The prospective buyer would call to the assigned 0809 number – as provided in its advertisements – and follow the menu heard through the phone line. Once the menu reaches the download section, the prospective buyer must input the selected download code, and input his or her cellphone number. If the phone matches the ringtone or wallpaper format sent, the ordered content will be sent through SMS to the buyer's cellphone.
There is a dark side to services like this. Since the ringtone/wallpaper seller companies gain revenue from the amount of minutes the caller uses the service (I think it's around Rp 3,000/minute), a number of companies purposefully prolong the call, costing the buyer more money.
Due to the limitations of technology at that time, if you incorrectly order an Ericsson ringtone for a Nokia cellphone for example, you've lost your money. Due to a raft of overcharging issues, and the fact that 0809 numbers were also used for 'adult entertainment' services, the reputation of services using 0809 and the companies using it went down, and the interest in such services slowly disappeared.
Following a success in India, where voice-based services do very well since there is still a large percentage of the population that is illiterate, IVR services were launched again by telecommunications companies like Esia in 2005. The difference is, this IVR service was packaged with a look and feel of a radio show, with a friendly radio DJ voice taking you through the menu options to listen to music or listen to entertainment news. The price was comparitively cheap compared to 0809 services, around Rp 500/minute. And of course, if you like one of the songs, you could buy it to set as a ringbacktone or ringtone. Unfortunately, to this day, interest in these services is still low due to the small amount of produced content.

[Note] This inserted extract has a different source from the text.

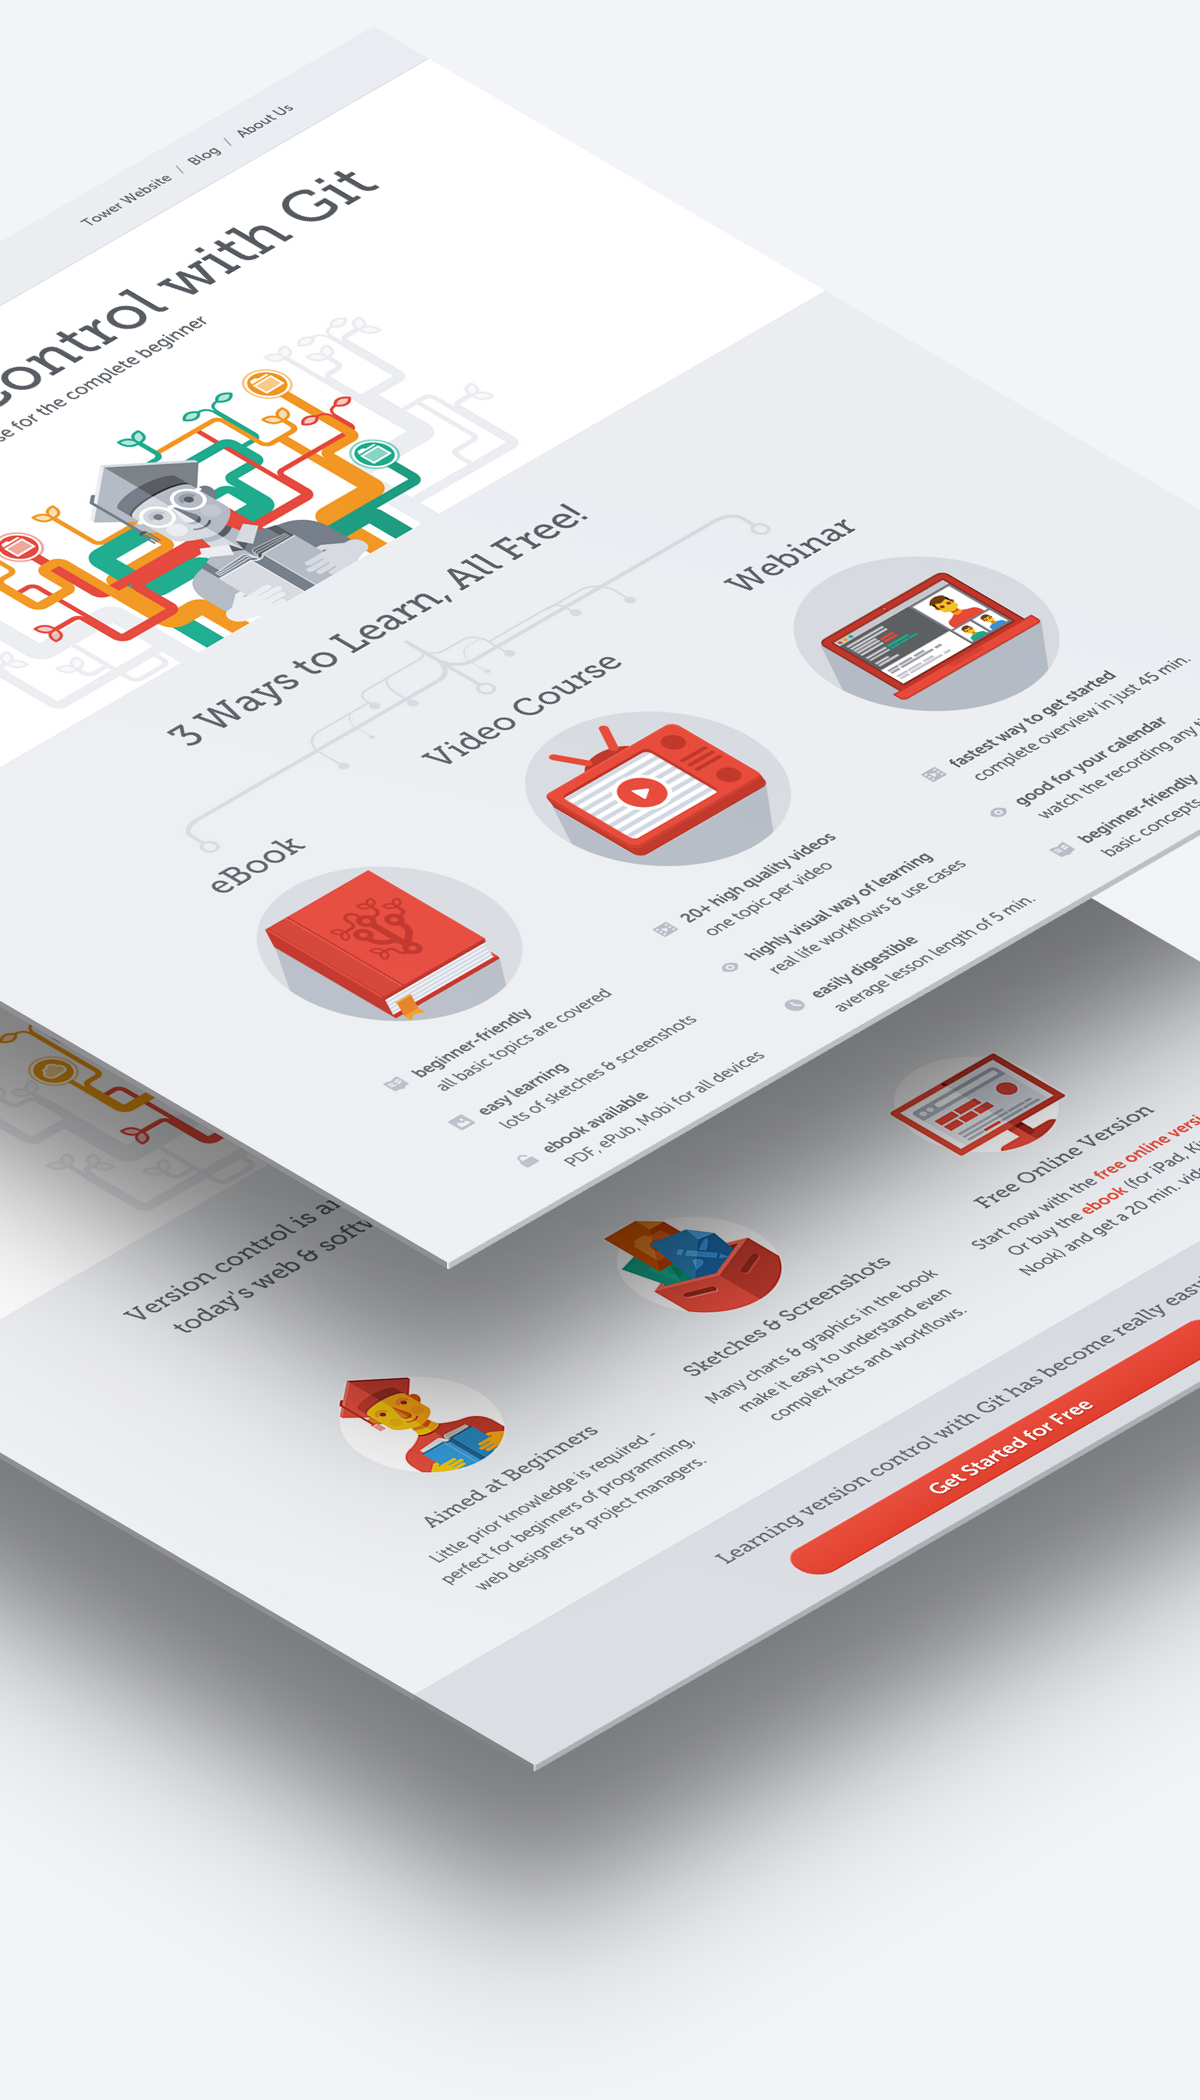 git learn Technology Version Control Online course flat simple Illustrative landing page tutorial Character icons Education

Although entertainment services through IVR seem very simple in the smartphone, mobile app and high-speed internet age, the technology remains very relevant in Asia, especially in countries with low smartphone and mobile internet penetration. The service is not dependent on a data connection - which usually gets worse in highly-populated areas - as it only uses the phone line. The limitations of the IVR media can actually become a potential for creativity - not only for music servies, but also audiobooks, education, and so on. Who wants to start?
Ario is a co-founder of Ohdio, an Indonesian music streaming service. He worked in the digital music industry in Indonesia from 2003 to 2010, and recently worked in the movie and TV industry in Vietnam. Keep up with him on Twitter at @barijoe or his blog at http://barijoe.wordpress.com.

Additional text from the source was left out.